Genna, Dan, Yarri and the cat travel the moonroad the old woman told them to seek.
We had barely caught our breaths than the cat said, “And now Coldfall,” and something in my heart contracted at the sight of the red sparks that spun around him, brightening and tightening until they coalesced into a terrifying spiral.
“I don’t want to,” Yarri whispered. Dan clutched my hand, and I grabbed Yarri’s arm, and I dragged the three of us forward and into that spiral before the road could slide away from us. And before I lost my courage.
Things moved around us as we fell. Creatures, shadows, glowing eyes that stared at us in bodiless pairs. Broken people, twisted animals. Monsters. They slid past us or dropped behind us as we raced by, and some of them opened mouths and screamed without sound, and others reached out to try to grab us, though their hands slid through us as if either they or we were made of nothing but smoke.
And some saw us and laughed, and even though I could no more hear the laughter than the screams, it was somehow worse. It was as if they knew—absolutely knew—what was about to happen to us.
I yearned for wings, or a way off the road. I wished Dan still had Papa’s sword.
I tried to breathe, but my terror clogged my throat. Hands grasping, and eyes staring, and shadows wrapping themselves around the three of us and trying to slip inside, as if they wanted our bodies to wear like coats.
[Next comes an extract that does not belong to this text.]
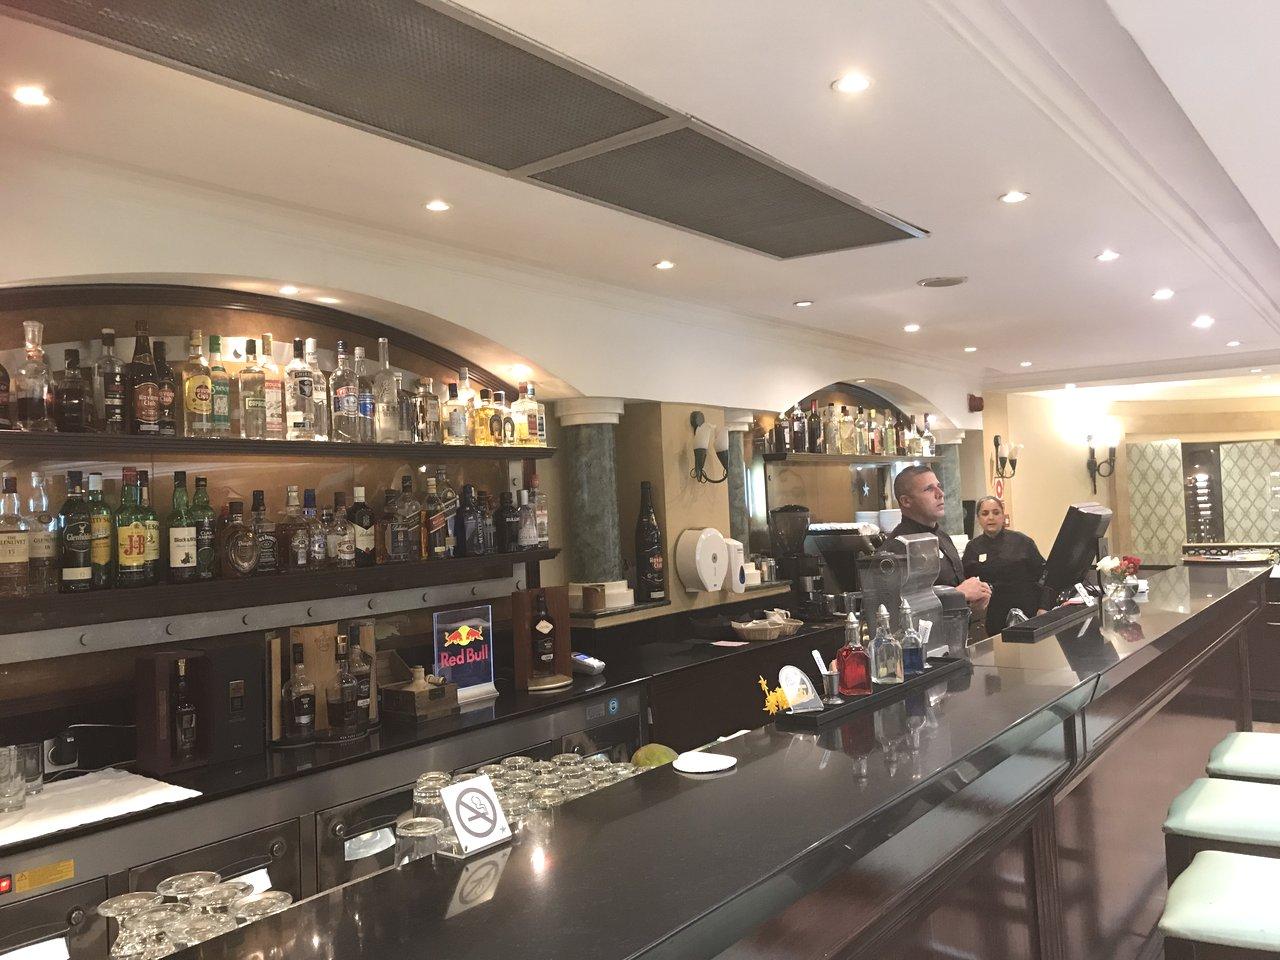 Portico bar

We crashed out of the road, all three of us feeling filthy and ill-used, and the cat landed in a heap on us, hissing and spitting and with his claws out.
“Up, quickly,” he said. “The old woman said this was the way, though I didn’t want to believe her. This way, though, nothing good lies between her and what we seek.” He got to his feet, and stared over my shoulder, and puffed himself to twice his size.
“Run,” he whispered.
We did not look behind us. I could feel something there. Something big. Wet-mouthed. Hungry. I could hear the moist noises of its movement. I got to my feet and bolted after the cat that streaked away from us, and Dan followed me, and I hoped that Yarri followed him. I could not hear her when she ran, so I did not know, and I feared that if I looked behind to check on her, I’d see the thing making those wet, crunching, smacking sounds….and then Dan passed me and Yarri shot past Dan and I was the one at the back.